The year 2015 is finished and I've been in Ireland and Insight for 1 year and 6 months. Doing research here gives me quite different experience than previous research experience, and it poses good opportunities as well as challenges for myself.

Independent:  

You have to grow up and be able to do your research (not projects) with your ideas and opinions, and conduct experiments by your own. I remembered the seminar I participated at the beginning of the PhD journey and the speaker described our academic supervisor as advisor since it is more appropriate. That means our advisor is who giving advices for your research but not who telling you every step you should move forward, and usually our supervisors also too busy to do so. 

At first, I could not start own research and conduct experiment by myself, and there was always uncertainty about myself and I realized the way I've been trained always was "supervised" by others. It reminds me the time in South Korea when I was a master student as well as an employee in a company where I received a lot of things to-do every day from senior members. In contrast, I did not receive any call here, and all communication has been done through emails which is still a surprising fact for me. Thanks to God, even I have a lot of improvements to achieve, I have started the research, with advice from my supervisor.

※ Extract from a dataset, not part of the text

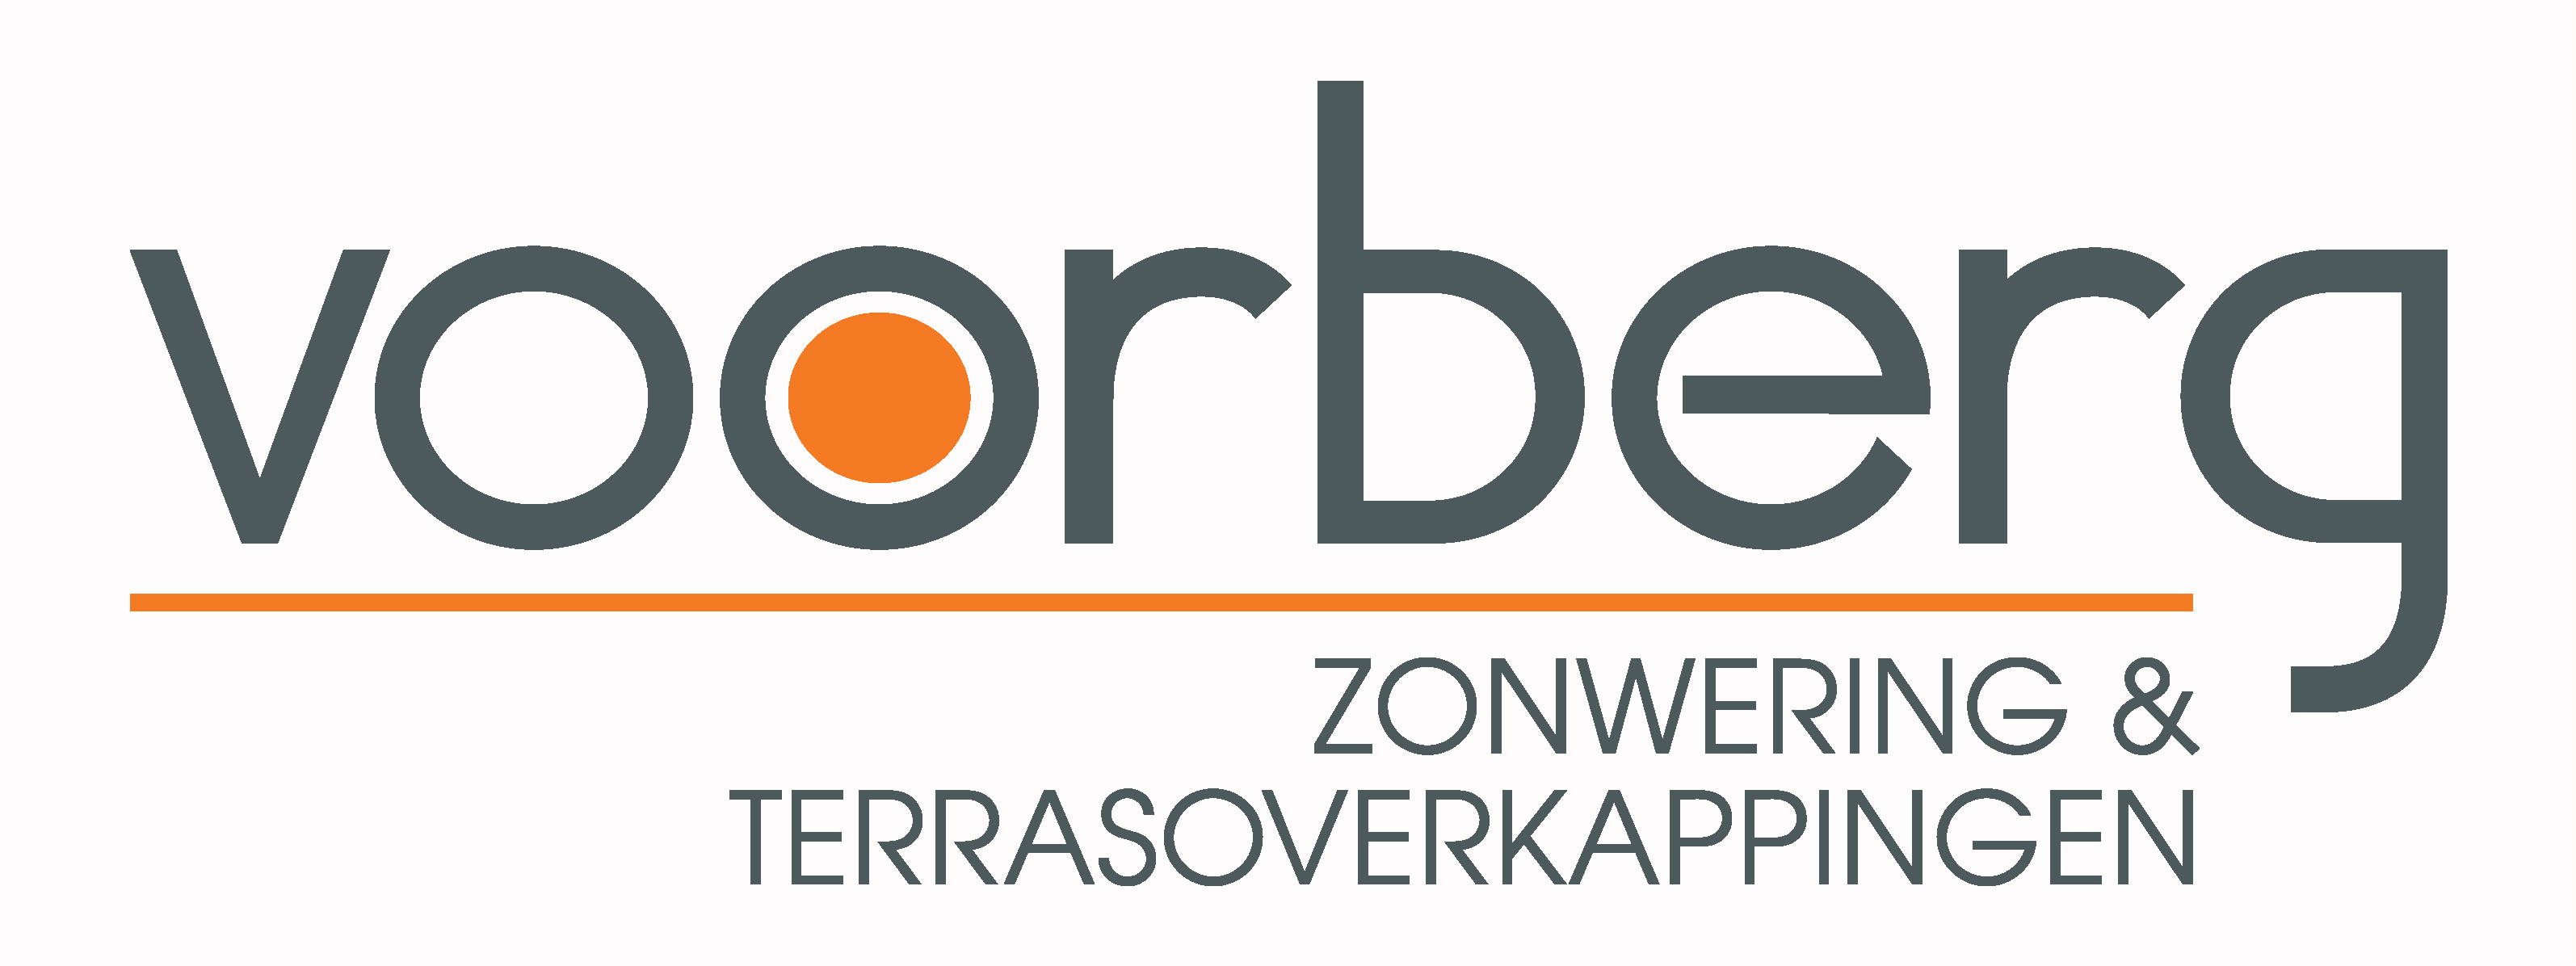 Logo Voorberg Zonwering

I started to recognize the statements from (So you want to do a PhD from Open University) that a PhD is confirming your "research independence", i.e., you have to demonstrate that:

  1. Ability to do research by yourself, rather than simply doing what your supervisor tells you
  2. Awareness of where your work fits in relation to the discipline, and what it contributes to the discipline
  3. Mature overview of the discipline




Insight Centre: 


There have been many changes for Insight@Galway which was formally well known as DERI. Our former director Prof. Steffan Decker moved to Germany and we have new director Prof. Dietrich Rebholz-Schuhmann. Interestingly, many researchers, including PhD students, Postdocs moved to Germany as well. There are many career paths for graduates from here including academic positions as well as industry ones, or even some of them start running own startups etc.


Conference

After several attempts for conferences, I've published two full papers in JIST2015 and SAC2016, and I found that it is really important to publish or try to publish your results in any conference or journal to get started, and get feedbacks from the experts. In my previous experience, I've been recommended do not to read and present a conference paper for a seminar during previous studies. However, here, one thing I love is that top conferences have the same importance to top journals. There is an interesting article to read if you have the same wondering: https://homes.cs.washington.edu/~mernst/advice/conferences-vs-journals.html
At the end of the year, I submitted a paper to ESWC2016 which has very interested tutorials for me http://2016.eswc-conferences.org/program/workshops-tutorials and hope I will have an opportunity to attend it:). Another conference I'd like to participate is UMAP2016 which is also highly related to my research. So... Fingers crossed for the upcoming new year.